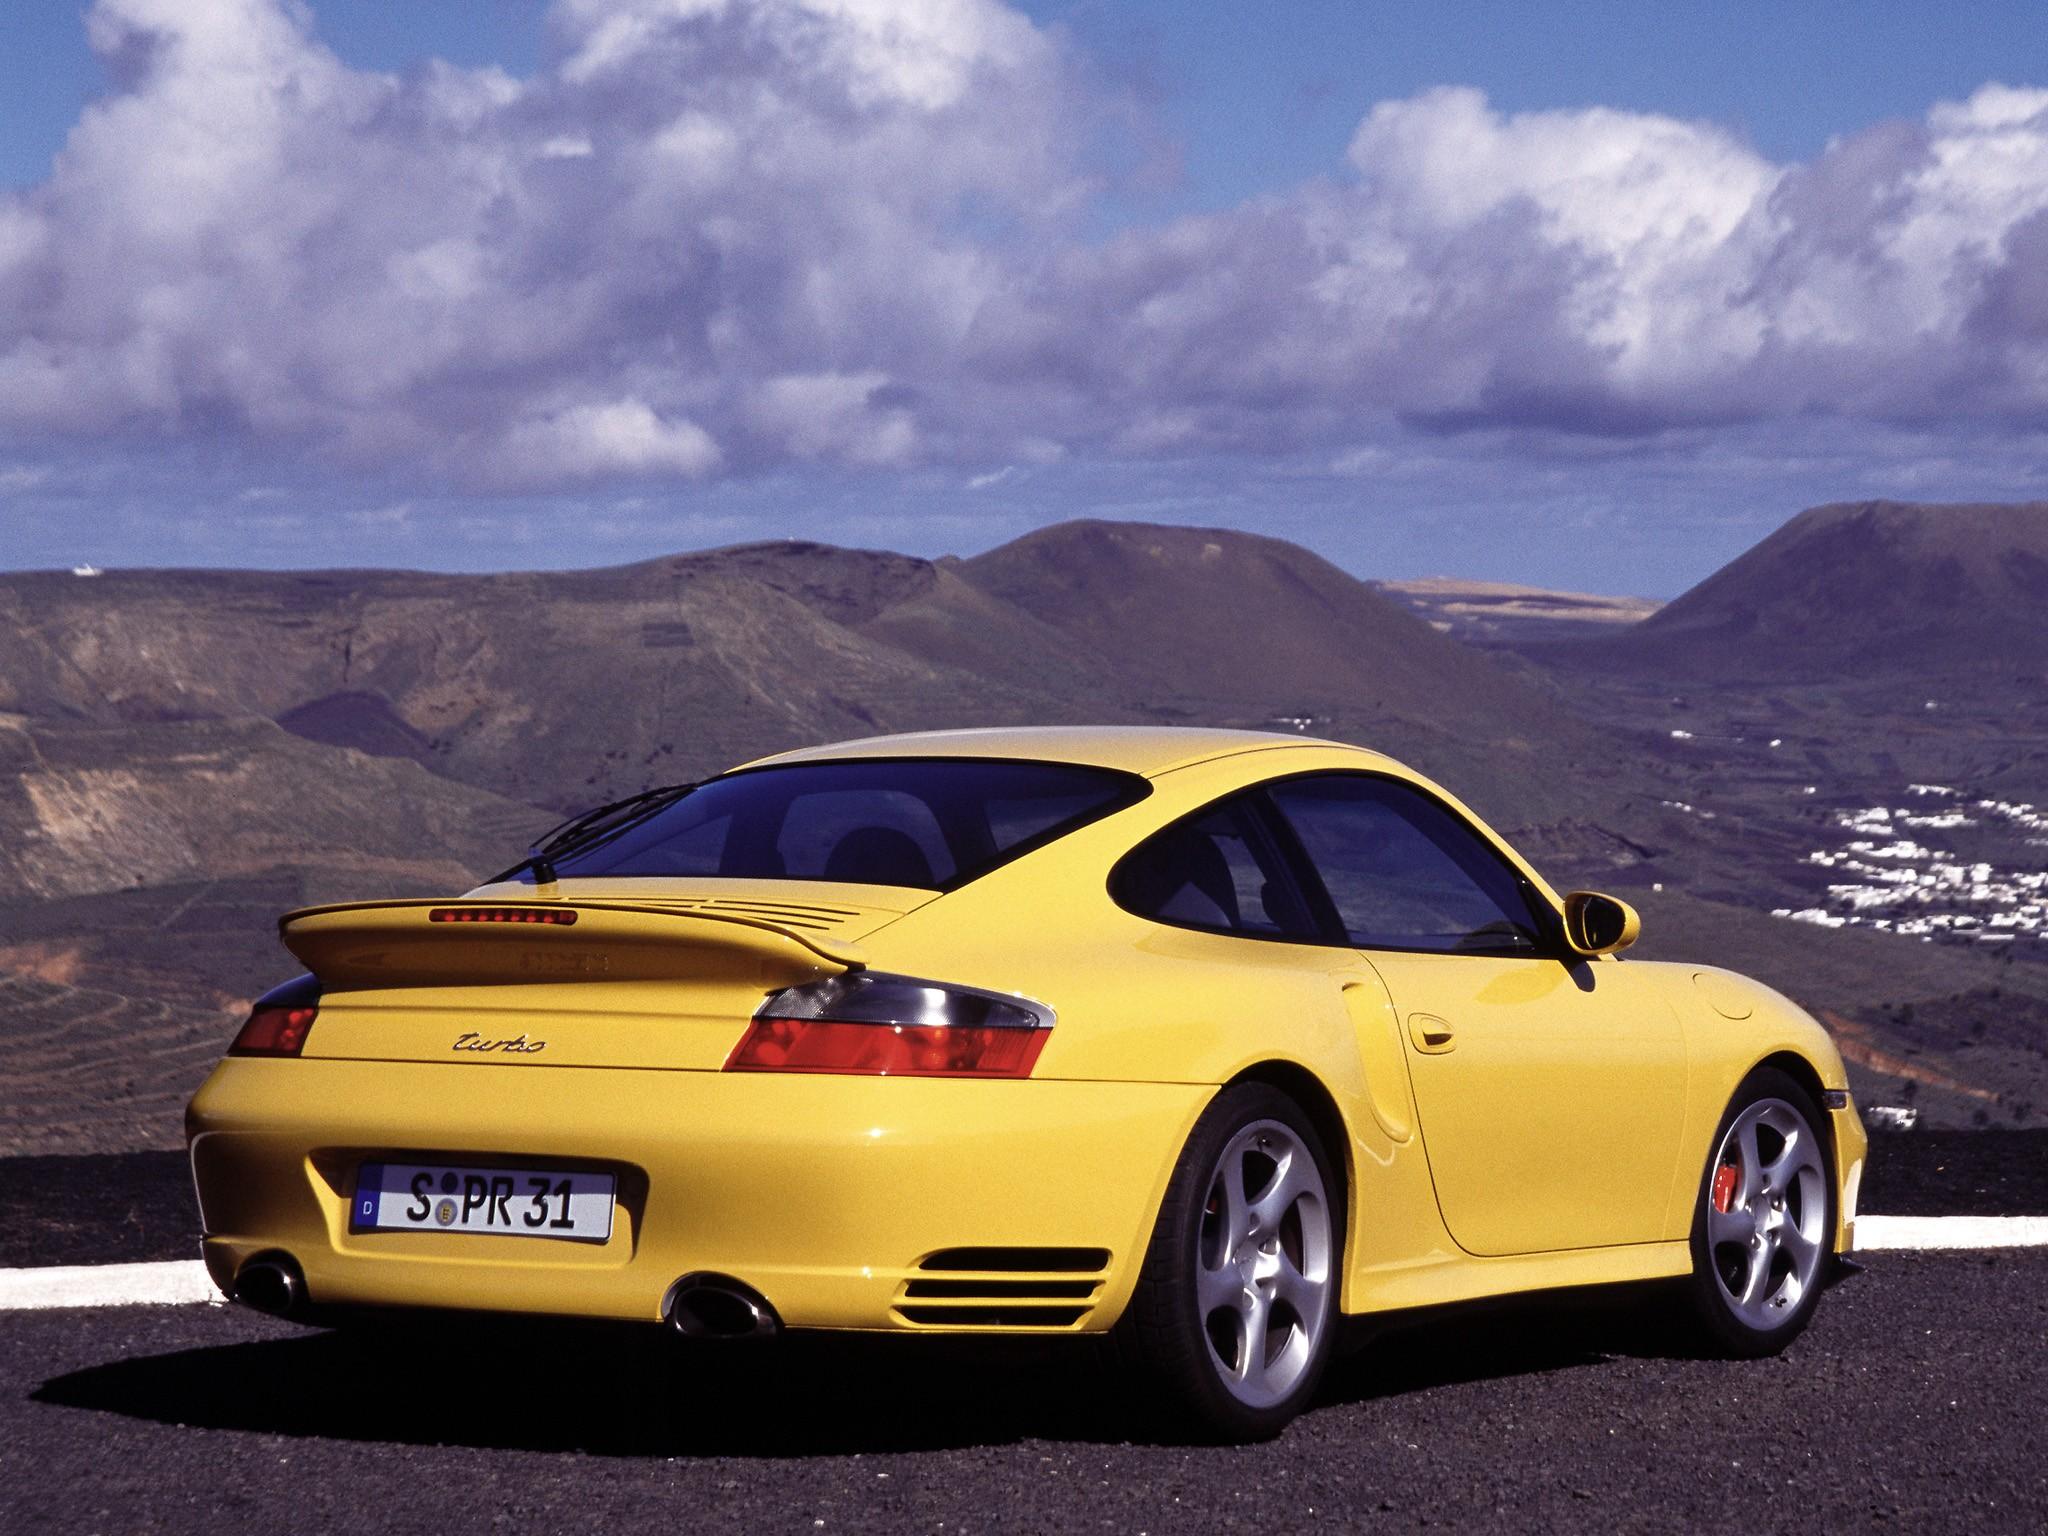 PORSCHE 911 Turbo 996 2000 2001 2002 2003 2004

---------------

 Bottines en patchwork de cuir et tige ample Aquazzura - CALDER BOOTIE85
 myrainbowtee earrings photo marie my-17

---------------

▶ REQUIRED WORK
Set down, unchanged, only those lines above that fall between the line with "Bottines en patchwork" and the line with "myrainbowtee earrings photo marie my-17", the two end lines included.

▶ RESULT FOR THIS EXERCISE
 Bottines en patchwork de cuir et tige ample Aquazzura - CALDER BOOTIE85
 myrainbowtee earrings photo marie my-17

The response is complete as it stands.